A mi entender es una reforma en la cual la letra pequeña  es  si cabe más peligrosa que el mensaje principal, el abaratamiento del despido. Y como han reconocido hasta los ministros del PP no  va a generar empleos,  y  por el contrario,  permite despedir con más facilidad para contratar a nueva gente con salarios más bajos y precarios, por lo que el empresario gana más en todos los ámbitos.

Con esta reforma unilateralmente el empresario puede modificar el tiempo de trabajo y la cuantía salarial de sus trabajadores, y si éstos se niegan y no  aceptan determinadas situaciones la empresa puede cursar un despido procedente. Una baja médica  o un número determinado de ausencias justificadas en un periodo de dos meses pueden ser mótivo de despido. Como dijo Ignacio Escolar, con la reforma del PP se legaliza el mobbing empresarial a los trabajadores.

Una reforma de este calado debería tener  un  equilibrio de posiciones entre empresario y trabajador e ir acompañado de protección social, seguridad, medidas de conciliación, entre otras cosas.
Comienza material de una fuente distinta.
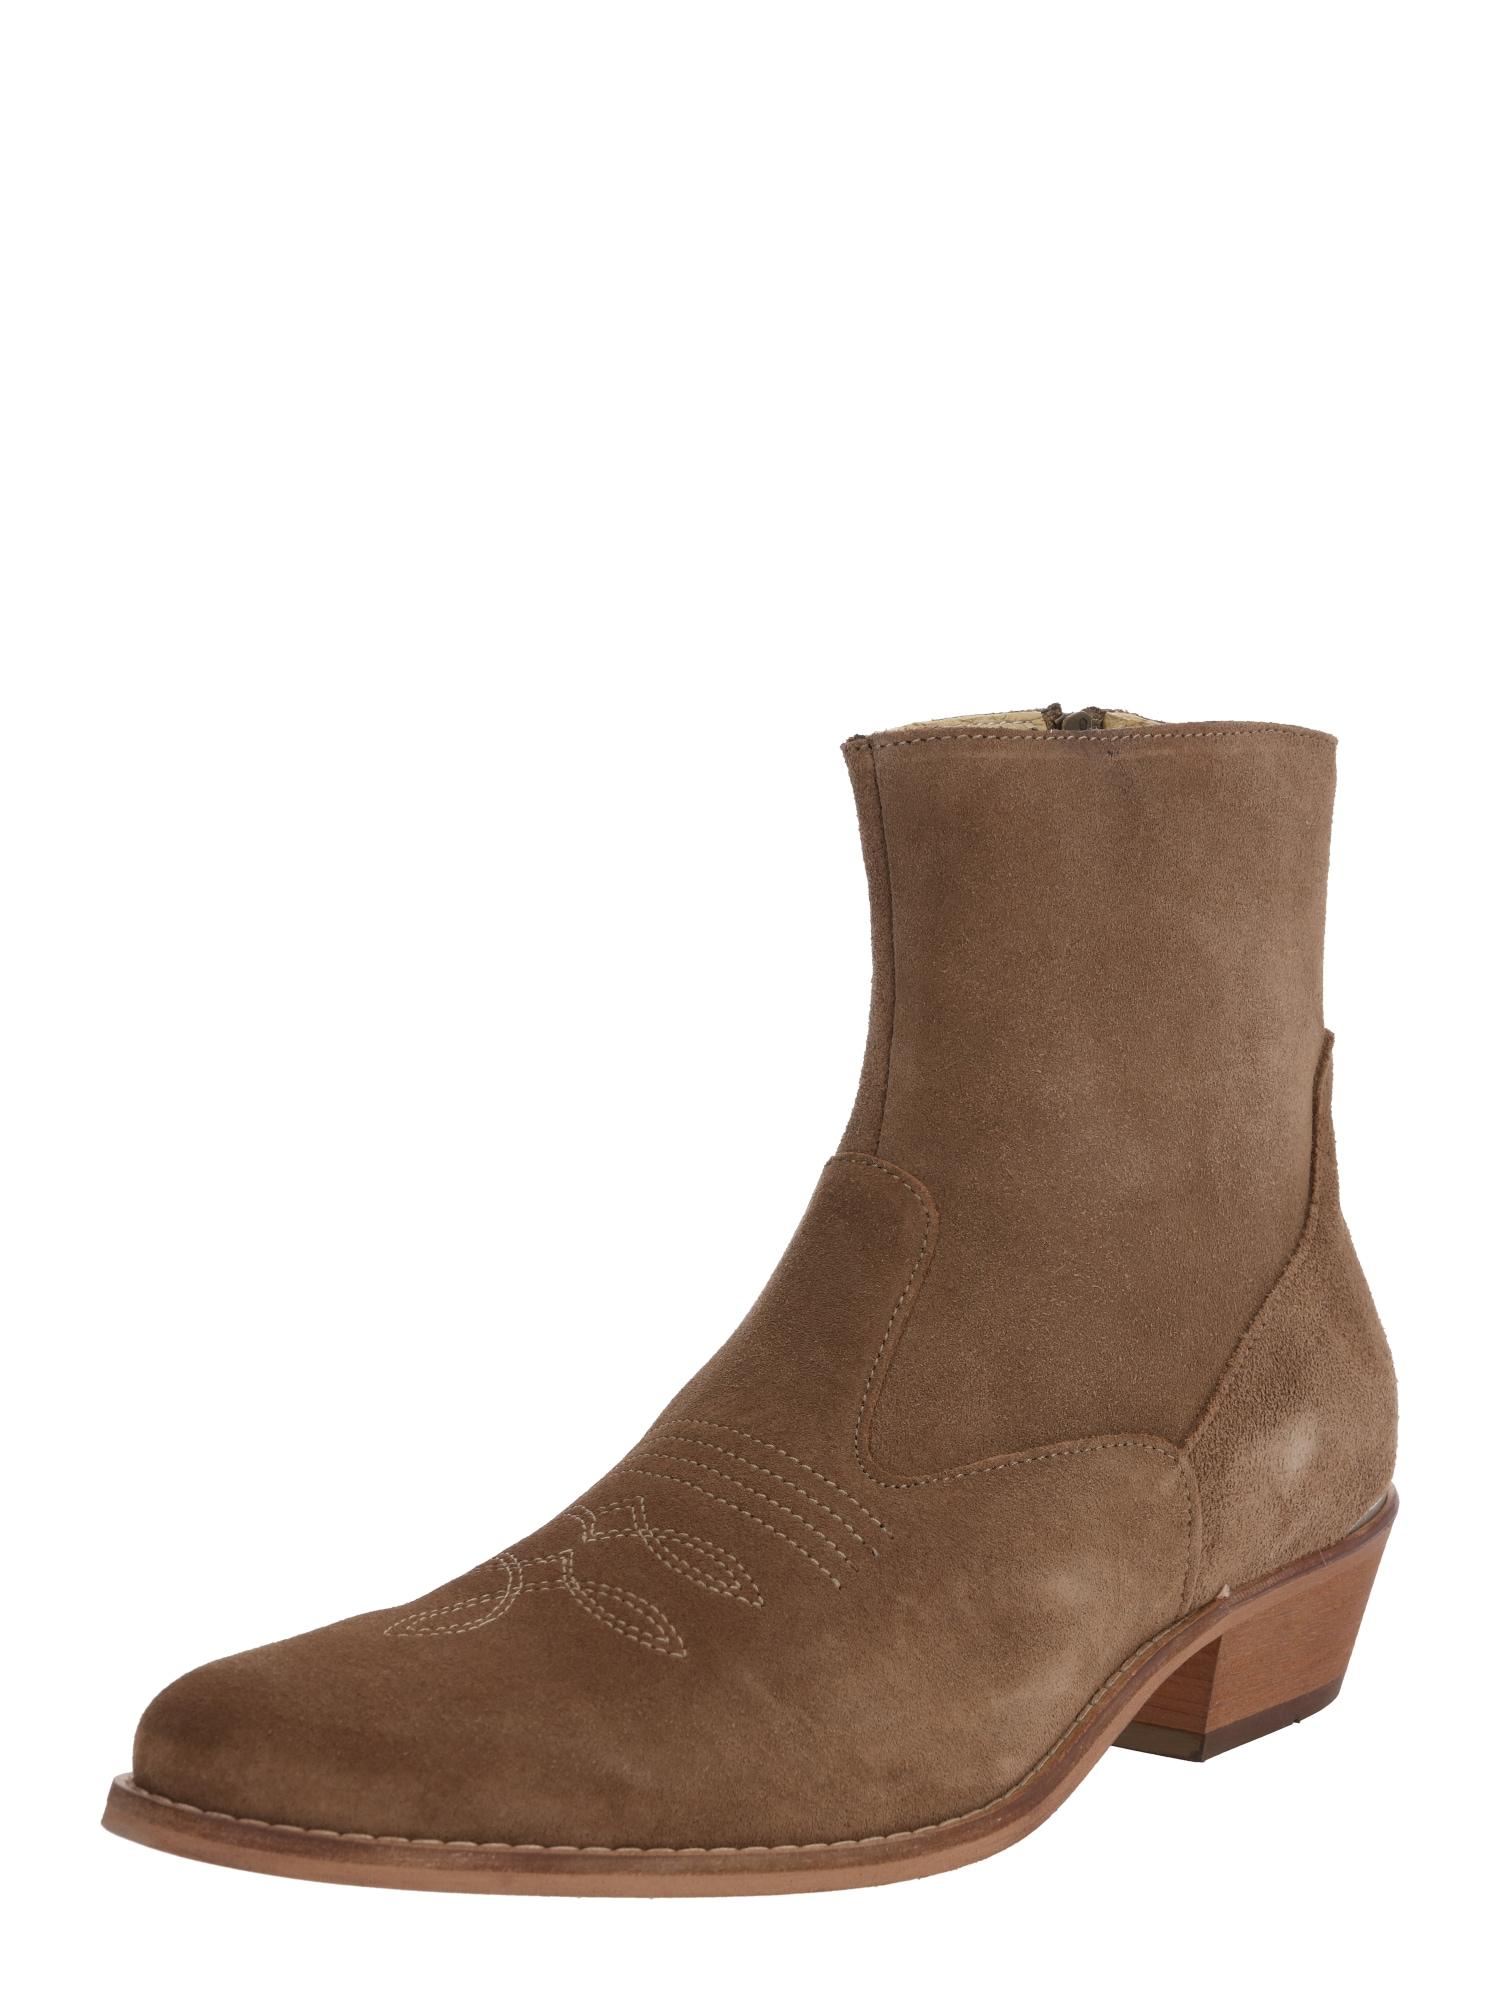 Shoe The Bear Kaubojiški batai 'ENZO' rausvai pilka

Más bien, al contrario, esta reforma produce inseguridad e incertidumbre en los trabajadores. Si con la actual legislación laboral ya ahora en bastantes empresas no se cumplen convenios ni calendarios, imaginaros ahora como serán con tal grado de protección. Pero también divide a los trabajadores entre sí, porque estas flexibilidades van a generar una competitividad insana y malos rollos entre compañeros. “Divide y vencerás”, deben estar pensando los empresarios y nuestros gobernantes.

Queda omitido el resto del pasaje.